▶ _What to do_:
Give back, word for word, the lines in the listing below from the one holding "forever21 floral jumpsuit" down to the one holding "Gmail Customer Service", both ends included.

▶ _Provided data_:
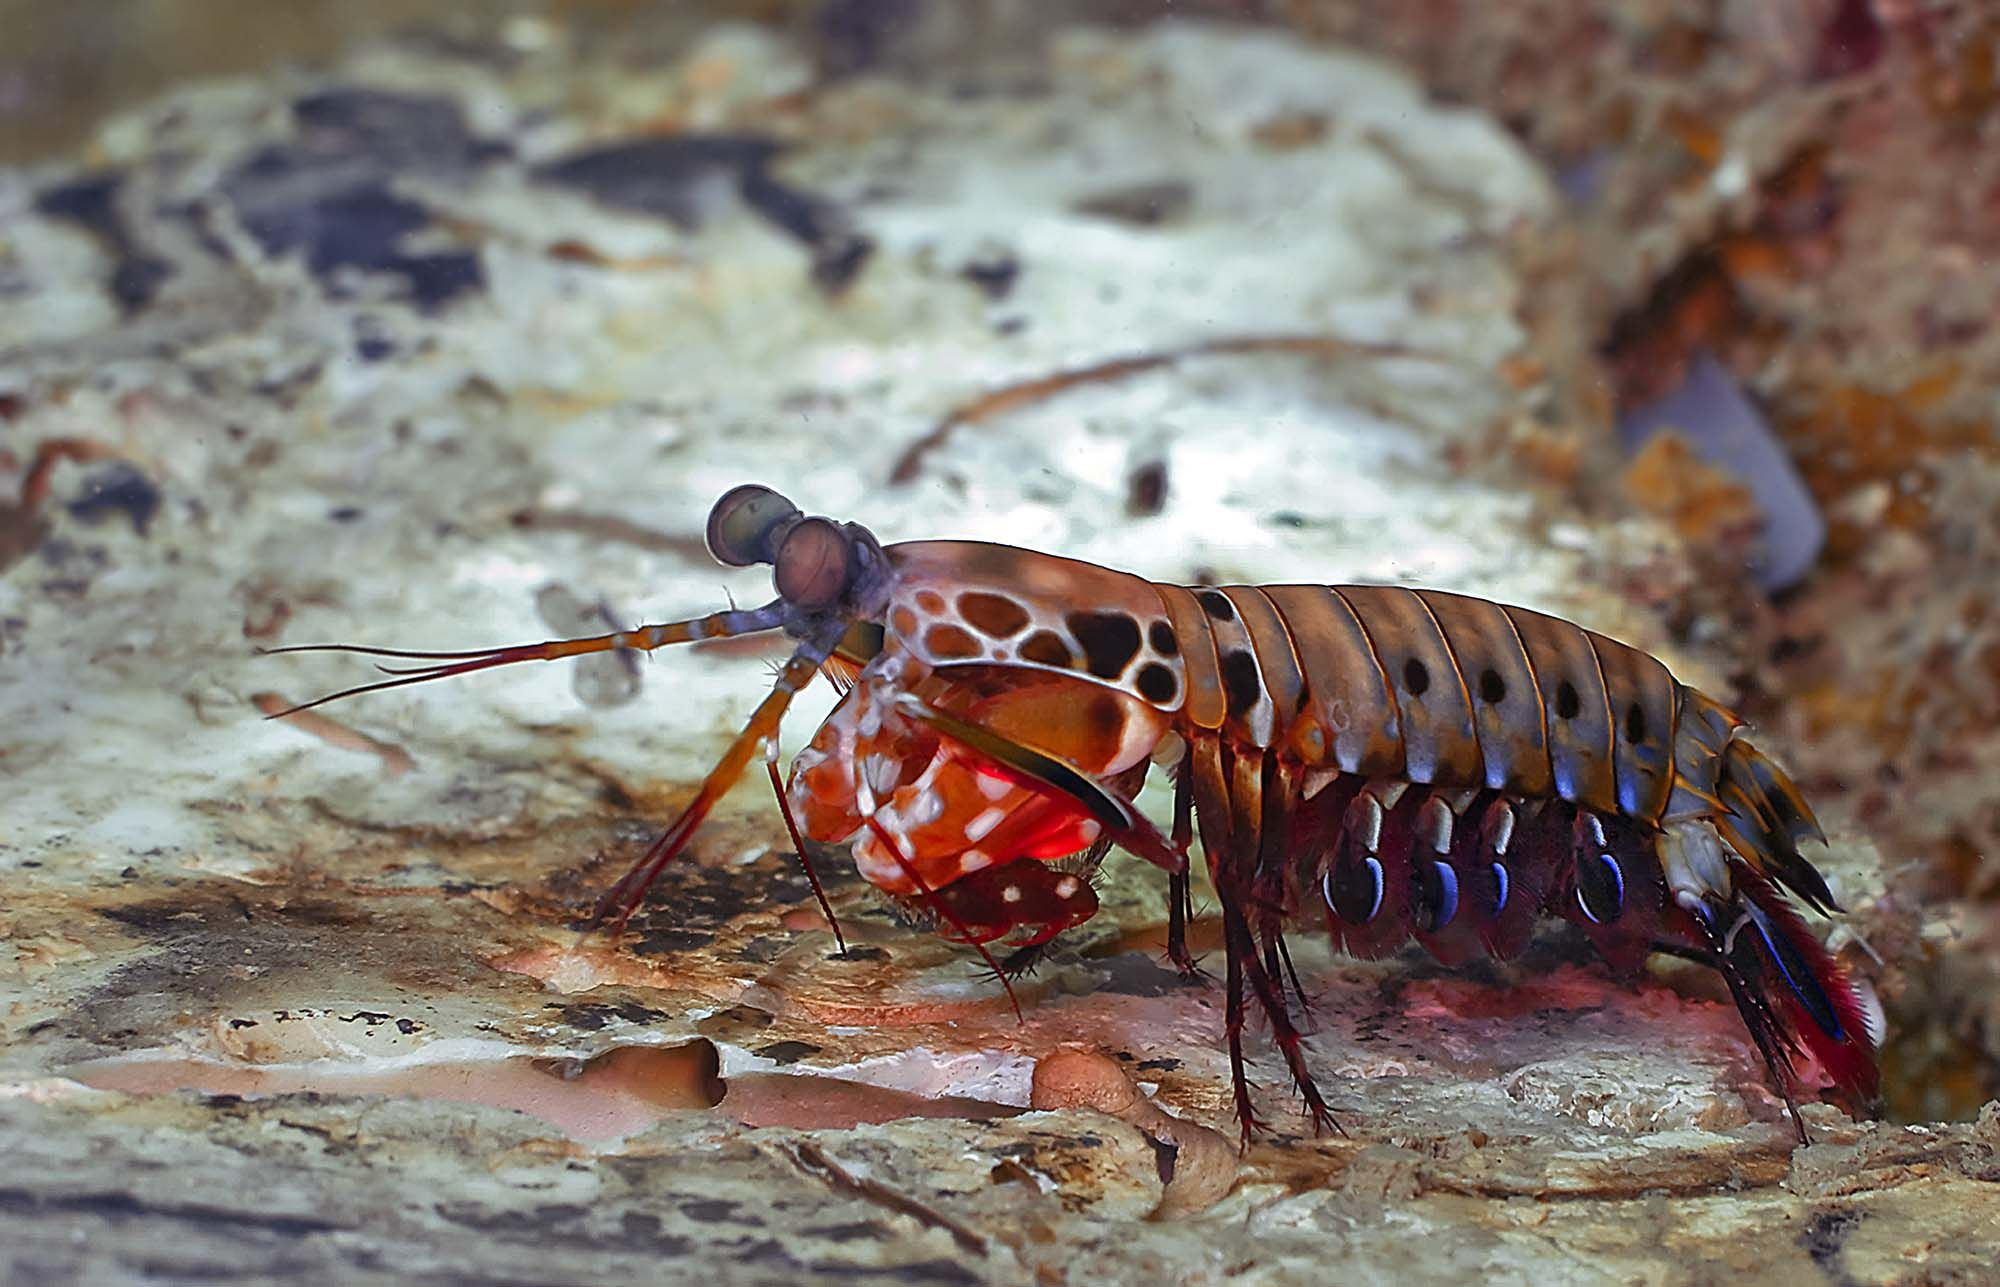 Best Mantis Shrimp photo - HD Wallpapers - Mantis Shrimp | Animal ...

---

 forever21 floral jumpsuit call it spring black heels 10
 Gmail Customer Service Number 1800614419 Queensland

--

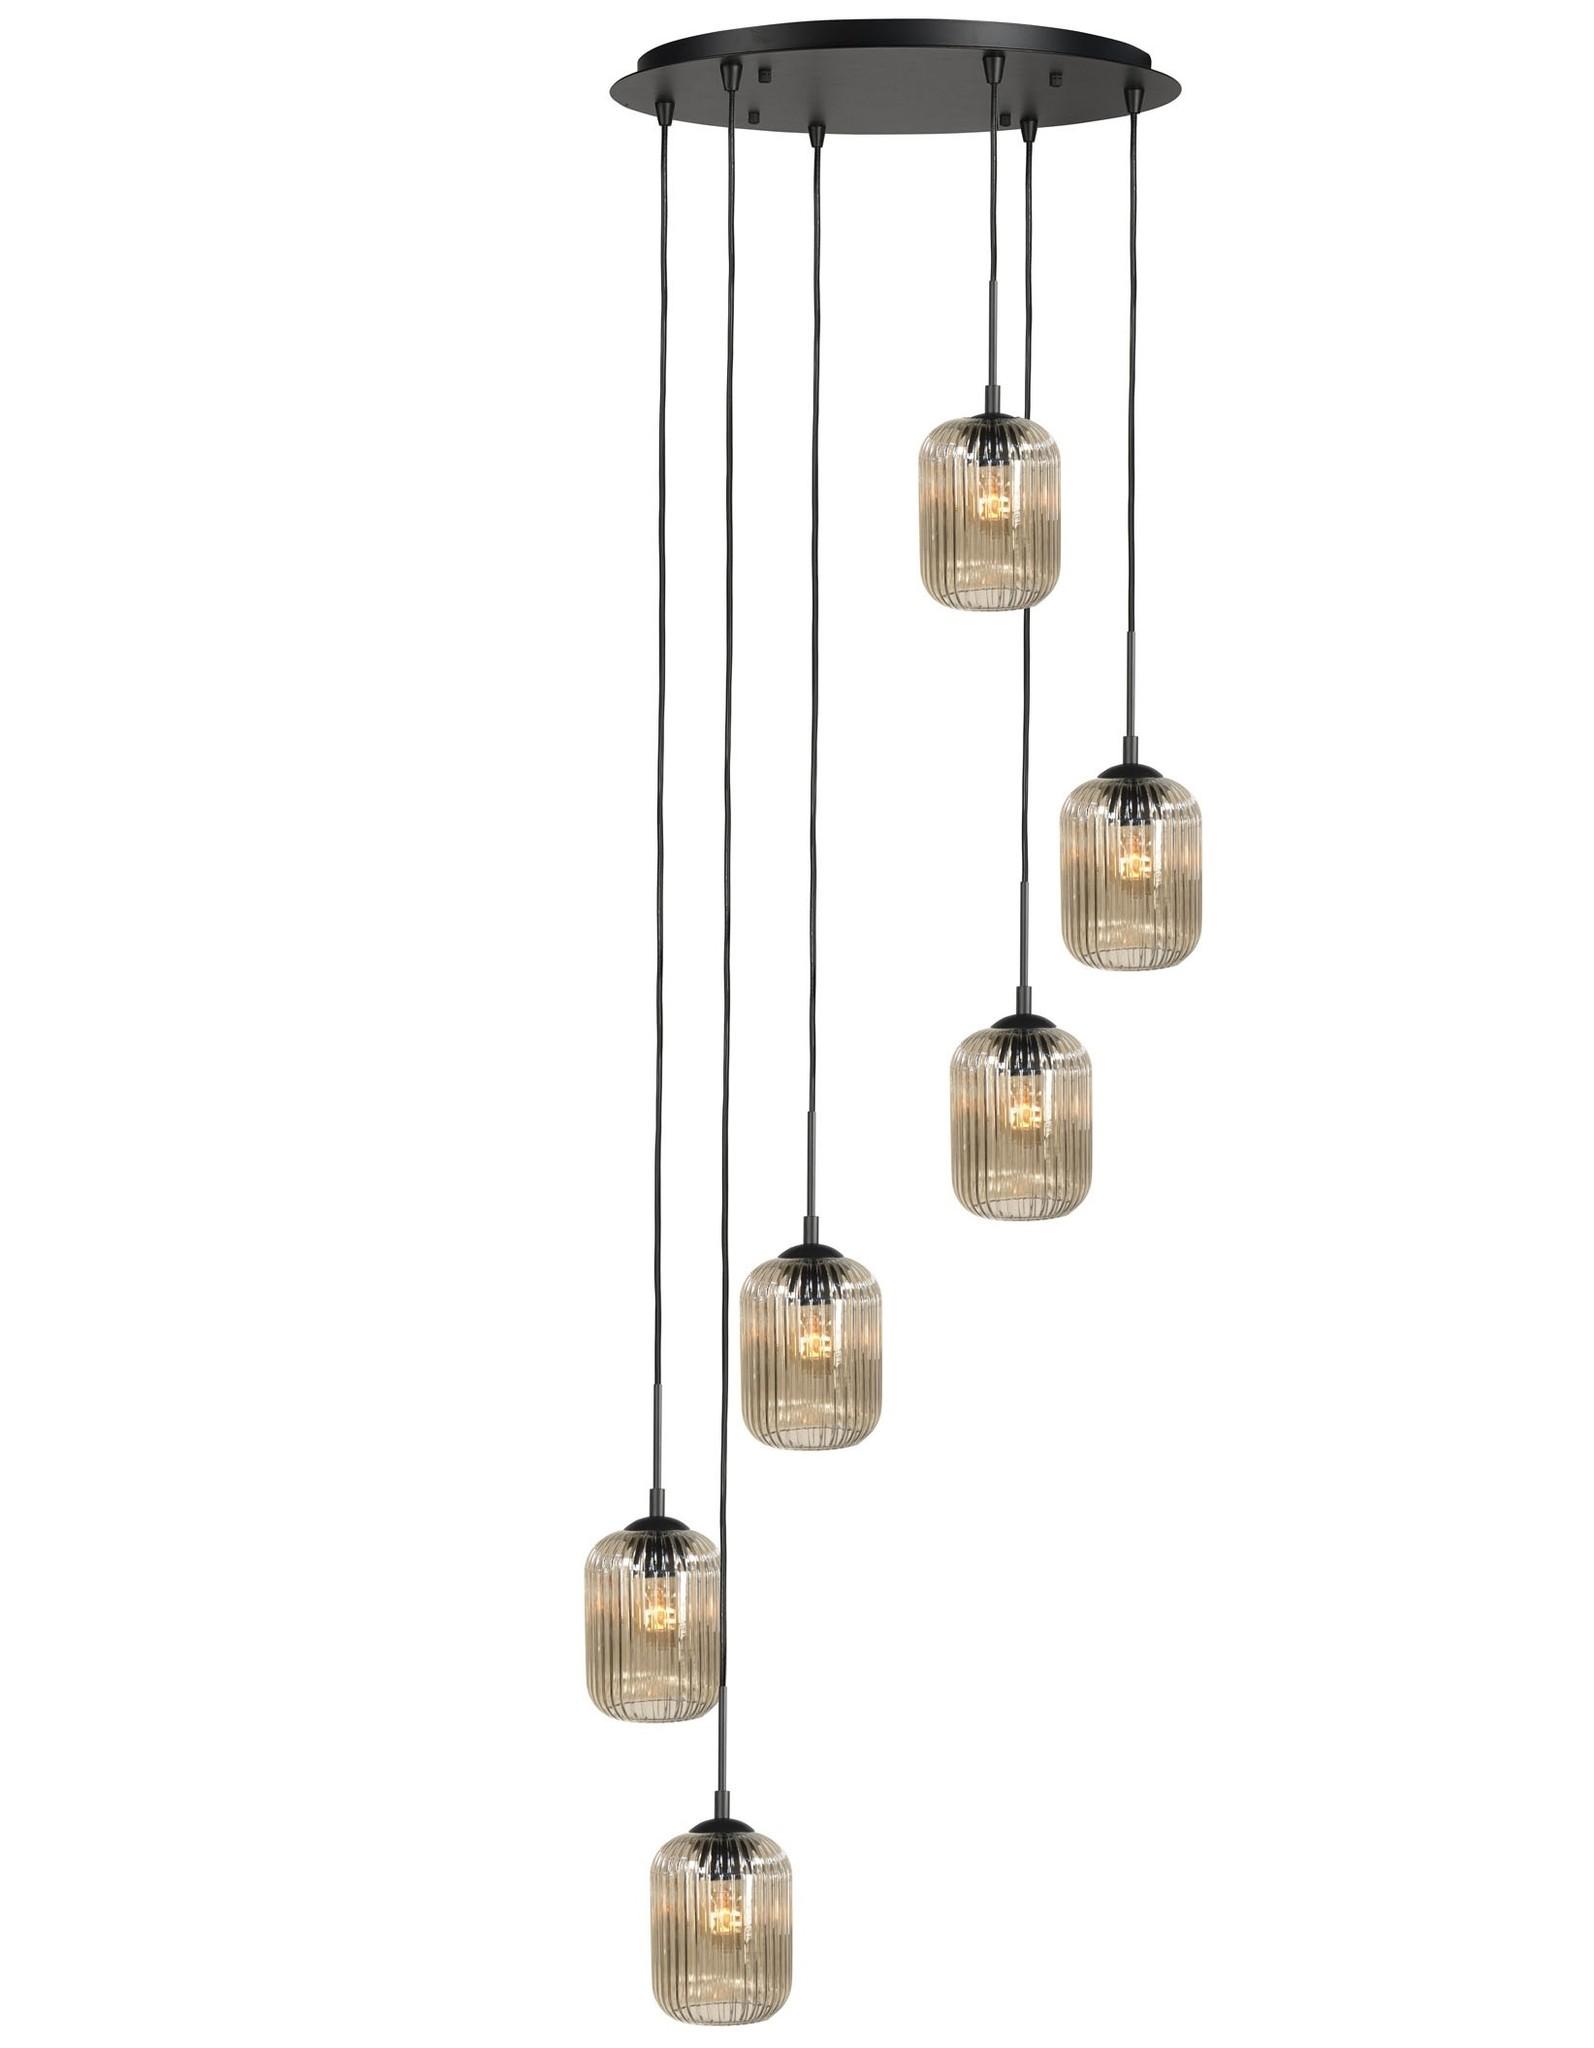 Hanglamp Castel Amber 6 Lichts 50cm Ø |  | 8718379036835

▶ _Result of the exercise_:
 forever21 floral jumpsuit call it spring black heels 10
 Gmail Customer Service Number 1800614419 Queensland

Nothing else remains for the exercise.